SEC rules define the term “disclosure controls and procedures” to mean a company’s controls and other procedures that are designed to ensure that information required to be disclosed by the company in the reports that it files or submits under the Securities Exchange Act of 1934 is recorded, processed, summarized and reported, within the time periods specified in the SEC’s rules and forms. Disclosure controls and procedures include, without limitation, controls and procedures designed to ensure that information required to be disclosed by a company in its reports that it files or submits under the Securities Exchange Act of 1934 is accumulated and communicated to the company’s management, including its principal executive and principal financial officers, or persons performing similar functions, as appropriate to allow timely decisions regarding required disclosure.
Our disclosure controls and procedures include components of our internal control over financial reporting.
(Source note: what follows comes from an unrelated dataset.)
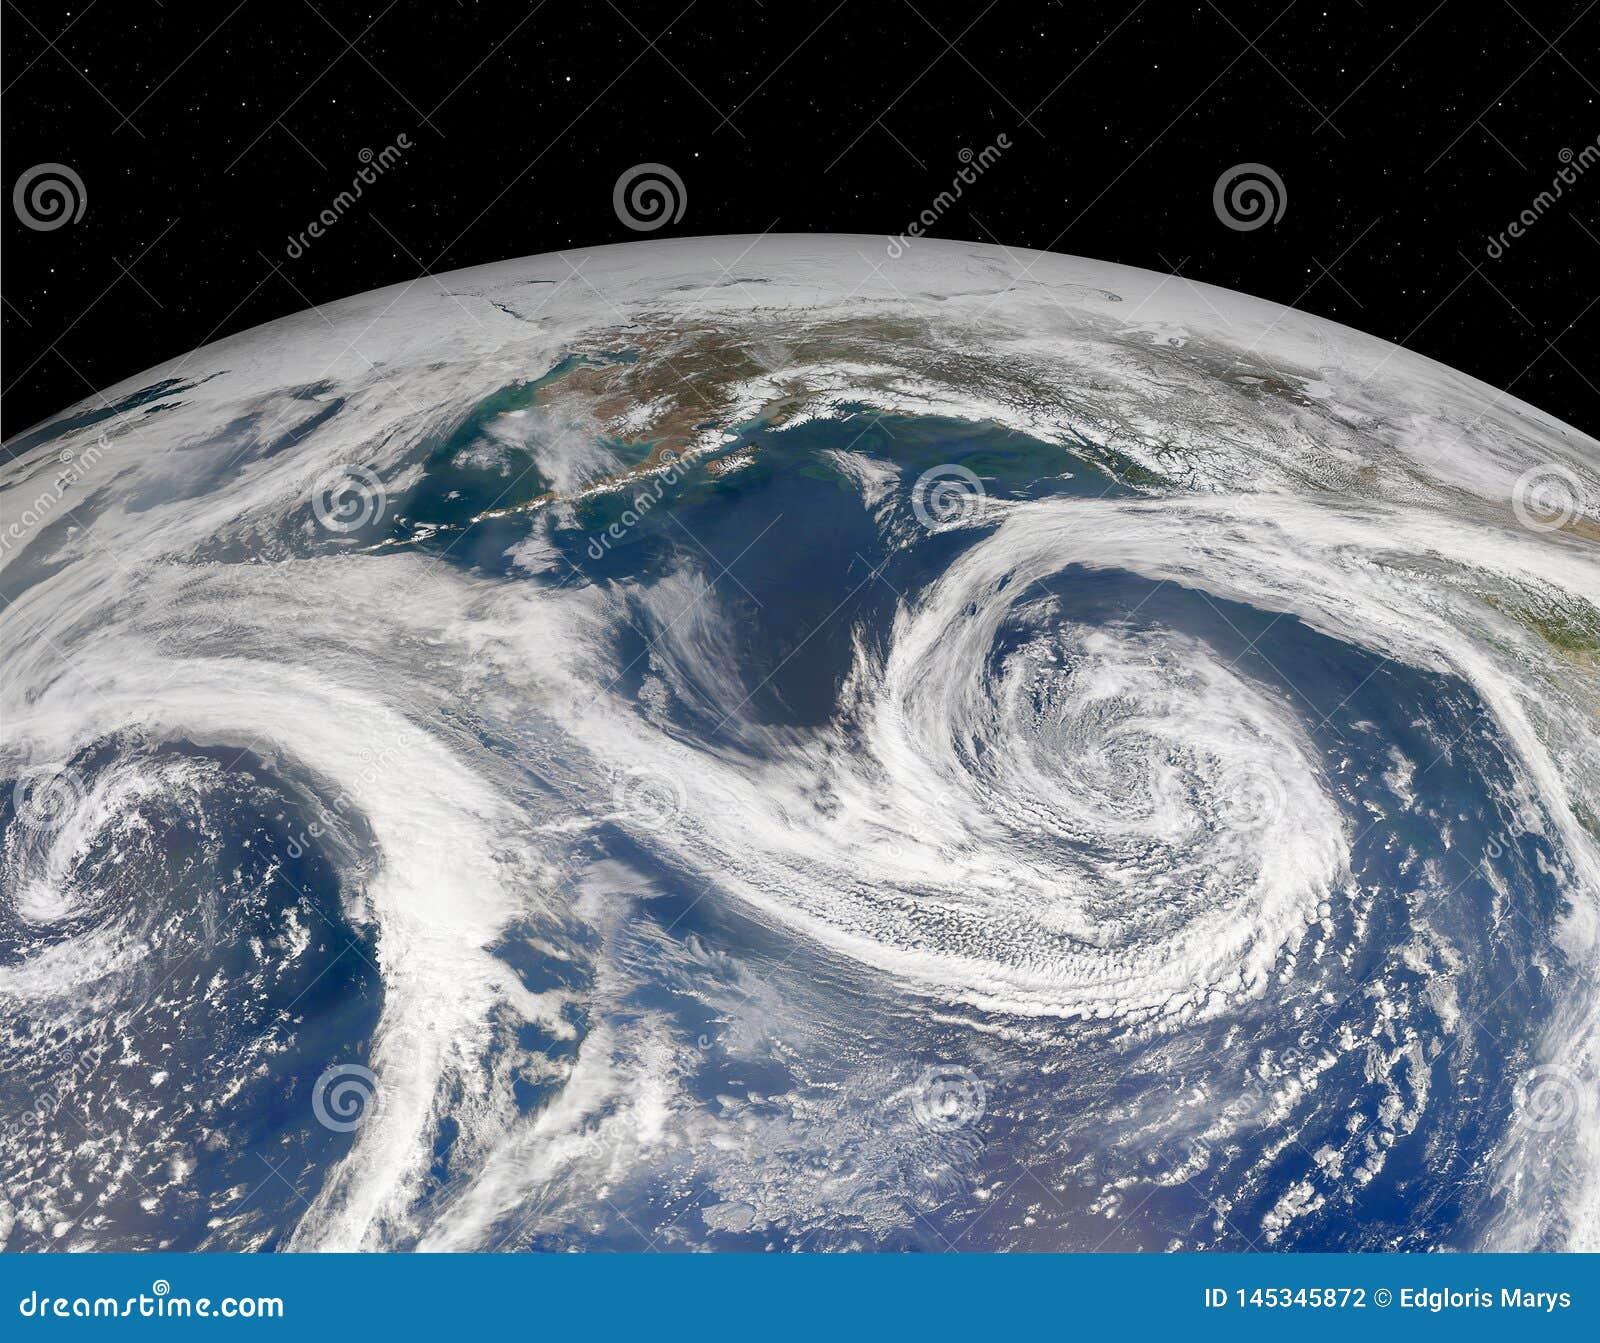 nasa scientist climate change - 1000×677

Management’s assessment of the effectiveness of our internal control over financial reporting is expressed at the level of reasonable assurance because a control system, no matter how well designed and operated, can provide only reasonable, but not absolute, assurance that the control system’s objectives will be met.
Based on the evaluation of the effectiveness of our disclosure controls and procedures by our management, with the participation of our chief executive officer and chief financial officer, as of the end of the period covered by this report, our chief executive officer and chief financial officer have concluded that our disclosure controls and procedures were effective to provide reasonable assurance that information required to be disclosed in the reports that the Company files or submits under the Securities Exchange Act of 1934 is recorded, processed, summarized and reported, within the time periods specified in the Commission’s rules and forms.
(b) Changes in Internal Control over Financial Reporting.
There was no change in our internal control over financial reporting during the three months ended January 31, 2009 that has materially affected, or is reasonably likely to materially affect, our internal control over financial reporting.
SEC rules define the term “internal control over financial reporting” as a process designed by, or under the supervision of, the Company’s principal executive and principal financial officers, or persons performing similar functions, and effected by the Company’s board of directors, management and other personnel, to provide reasonable assurance regarding the reliability of financial reporting and the preparation of financial statements for external purposes in accordance with generally accepted accounting principles and includes those policies and procedures that:
· Pertain to the maintenance of records that in reasonable detail accurately and fairly reflect the transactions and dispositions of the assets of the Company;
25
· Provide reasonable assurance that transactions are recorded as necessary to permit preparation of financial statements in accordance with generally accepted accounting principles, and that receipts and expenditures of the Company are being made only in accordance with authorizations of management and directors of the Company; and
· Provide reasonable assurance regarding prevention or timely detection of unauthorized acquisition, use or disposition of the Company’s assets that could have a material effect on the financial statements.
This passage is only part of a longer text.